WHAT THE TASK ASKS: Transcribe the listing exactly; drop the images.
Start of DATASET SECTION
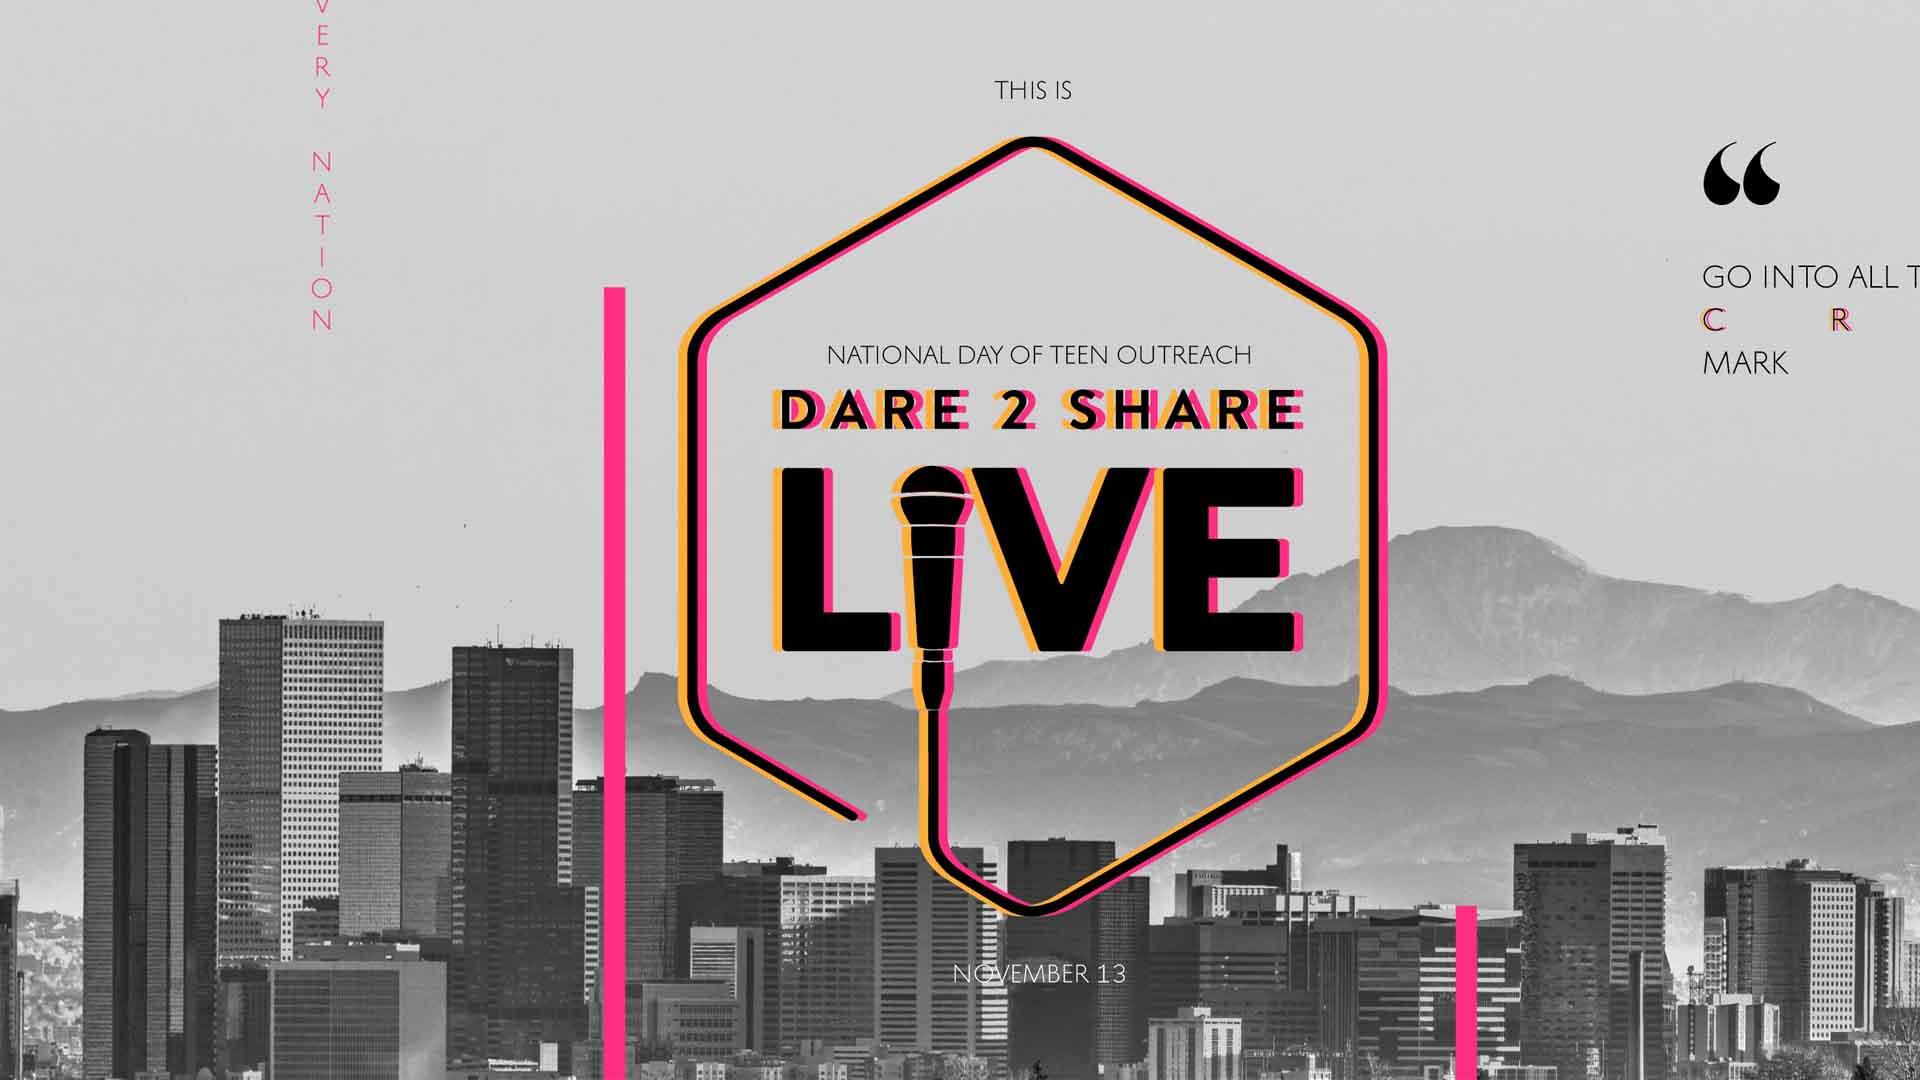 Dare 2 Share Live!
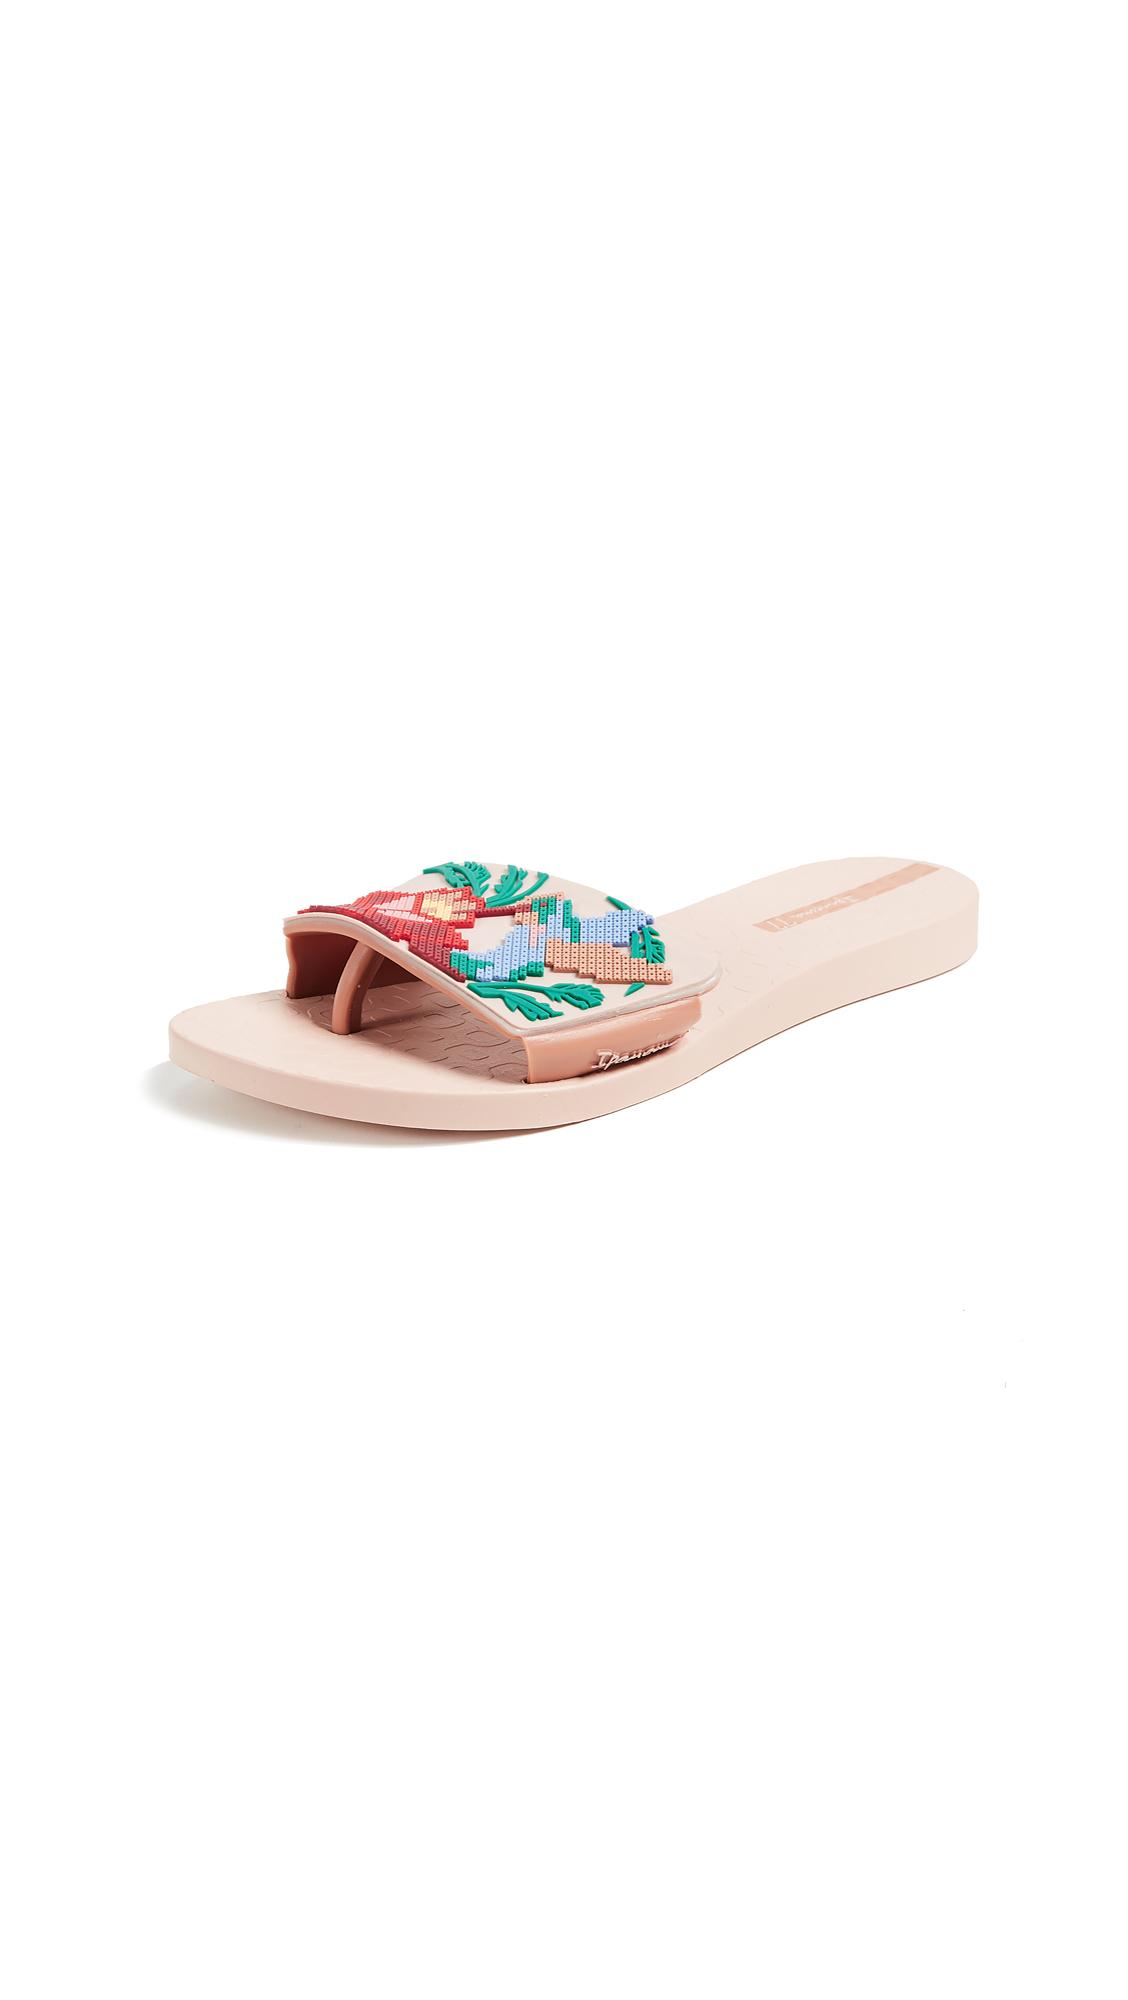 Ipanema Nectar Slides - Pink/Beige
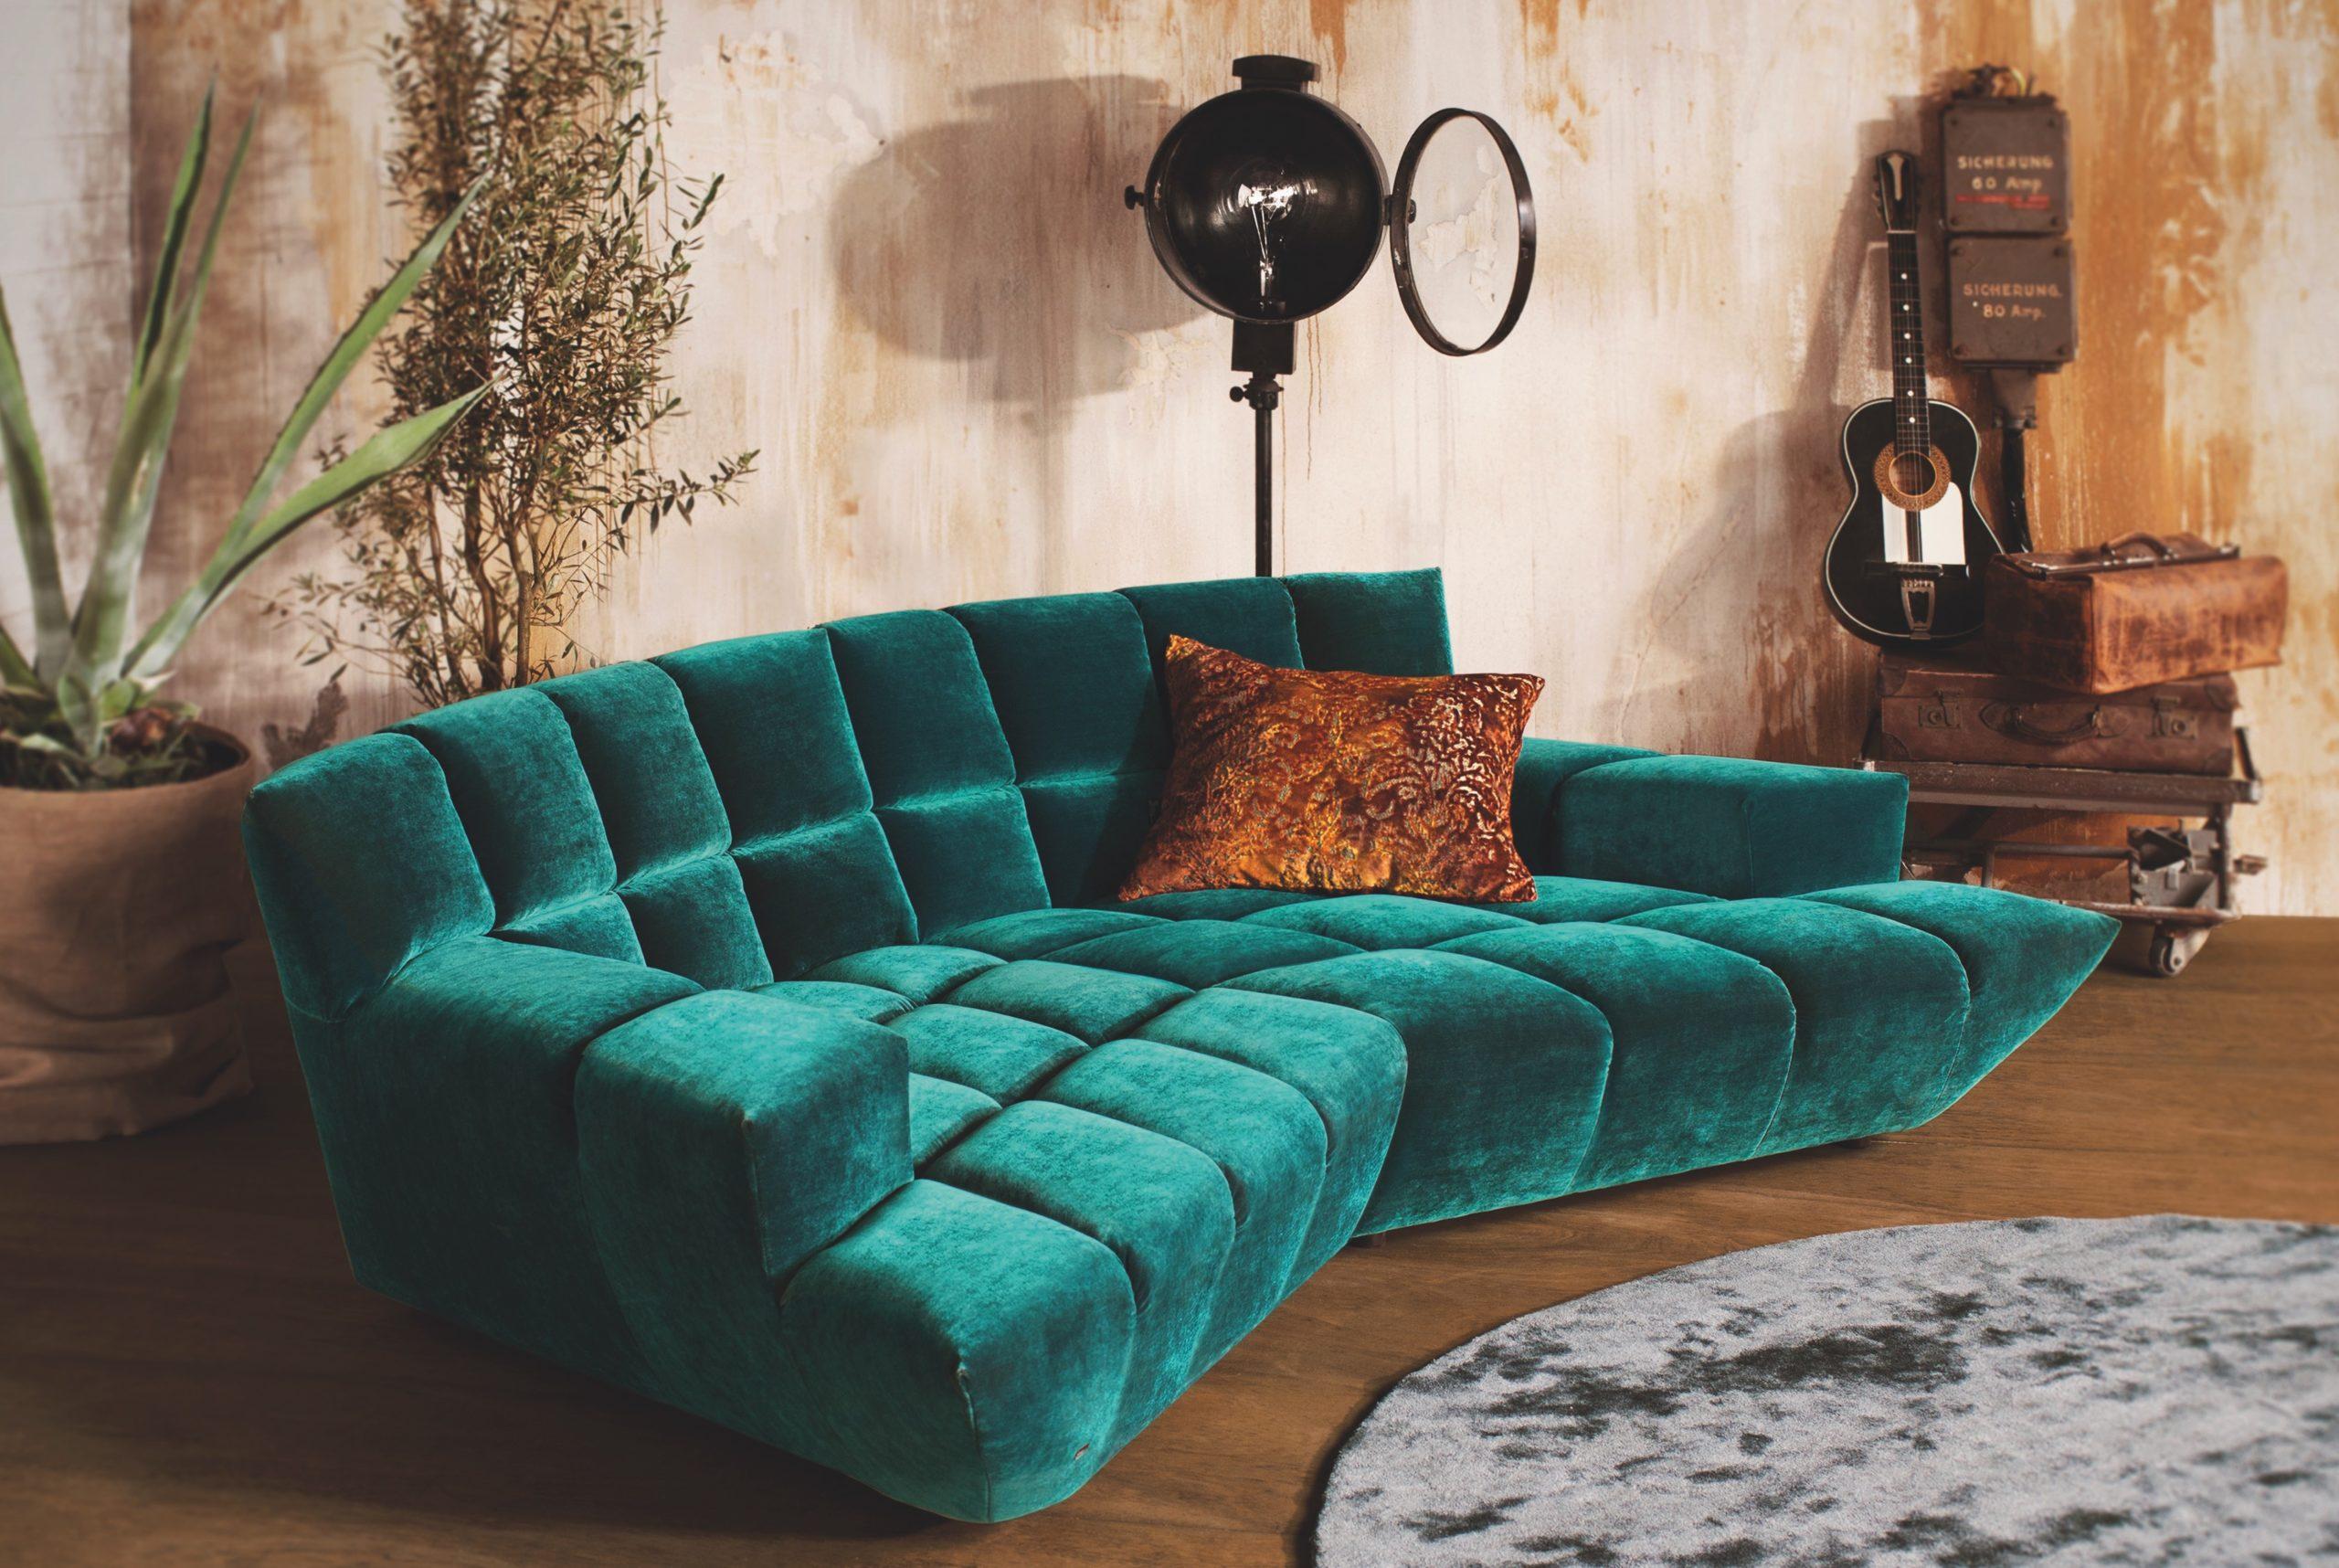 Full Size of Indomo Sofa Designermbel 2 Sitzer Mit Relaxfunktion Leder 3 1 Natura Rattan Garten Xxxl Big Kaufen Auf Raten Schlaffunktion Kolonialstil Sofa Indomo Sofa
End of DATASET SECTION
WRITTEN ANSWER:
 Dare 2 Share Live!
 Ipanema Nectar Slides - Pink/Beige
 Full Size of Indomo Sofa Designermbel 2 Sitzer Mit Relaxfunktion Leder 3 1 Natura Rattan Garten Xxxl Big Kaufen Auf Raten Schlaffunktion Kolonialstil Sofa Indomo Sofa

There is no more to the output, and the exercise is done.